But there’s little question that Warren, if she’s not at the top of the polls, is at the top of Joe Biden’s mind.
At a briefing on Thursday in Houston, Biden’s top advisers laid out his strengths and defend his weaknesses. (“The biggest mistake we could make as a campaign would be to not let Joe Biden be Joe Biden. People love that he speaks candidly. They know that sometimes he’s gonna misstate a date or a name or a location.”) But many of their points in the hourlong session were aimed at the woman not in the room and her plans: The “big fault line” in the primary, they said, “is between those who are defending and building on the Obama record, and those who are attacking it.”
Did the team have any idea that one of his top supporters, former Pennsylvania governor Ed Rendell, would write an op-ed Thursday morning calling Warren a “hypocrite”?
“There was no coordination with the campaign,” they said.
Warren has also, to the surprise of the political class, set the standard for how you run a political campaign in 2019. She’s won the grudging respect of a group composed, largely, of people who have sparred with Warren as aides to her uneasy allies, Barack Obama and Hillary Clinton. But the people at the heart of two decades of Democratic presidential campaigns expressed, in interviews this week, a remarkable consensus on Warren’s strength.
“She has run the smartest campaign, both tactically and strategically, and slowly, methodically projected herself into the top tier of candidates,” David Axelrod, Obama’s former top political adviser, said in an email.
“From a strategic perspective, she’s run the best campaign this year,” said John Podesta, Hillary Clinton’s campaign chair in 2016.

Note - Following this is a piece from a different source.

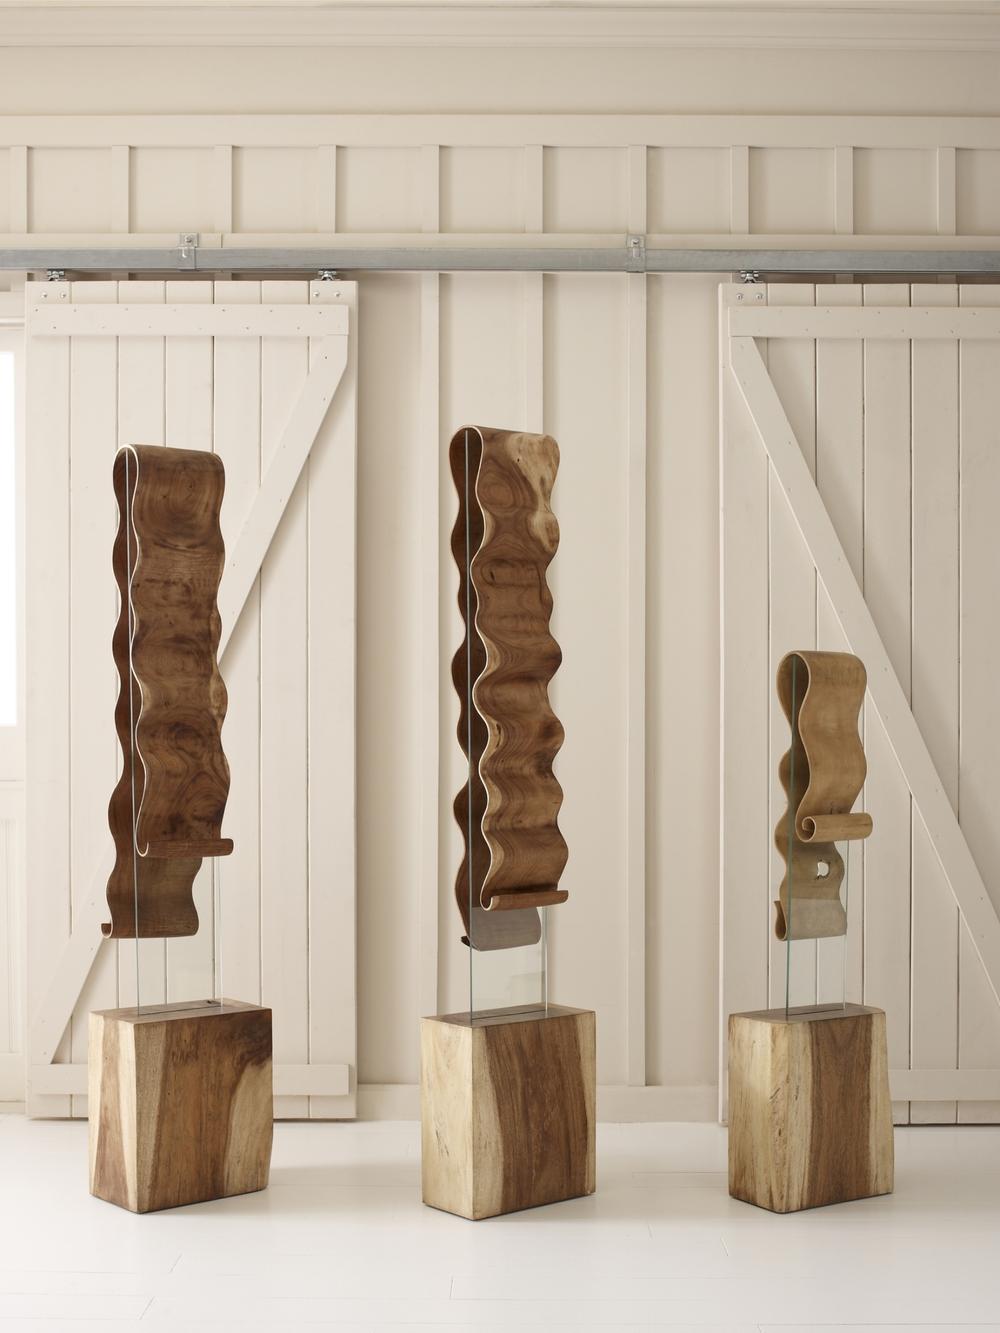 Asken Wood Shawl WINNER Mark Phillips, ASFD Phillips Collection
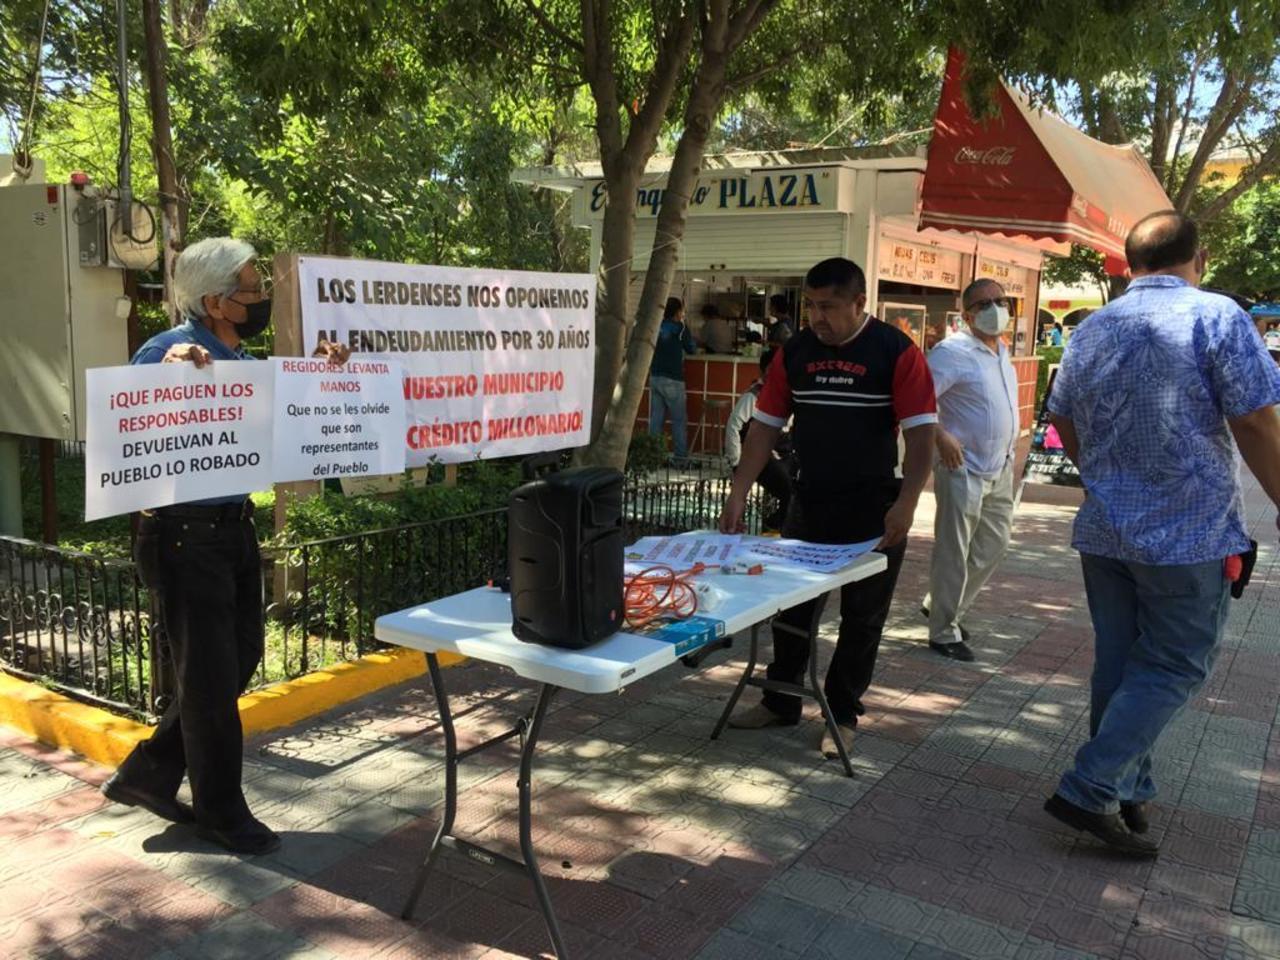 Buscan firmas para impedir solicitud de crédito de Lerdo

“Warren has run the best campaign of anyone in the field to date,” said Dan Pfeiffer, Obama’s White House communications director.
“If I could be any candidate right now, I would want to be her,” said former Clinton communications adviser Brian Fallon.
“If anything, Warren may risk peaking too early — which is a high-class problem,” said the former Bill Clinton adviser Paul Begala.
All say they’re struck by the steady rise of Warren’s campaign, the total lack of gimmickry that seems to fit an age that values the appearance of authenticity above all.
“The most notable thing about her campaign is that she seems totally unafraid to lose,” said Pfeiffer.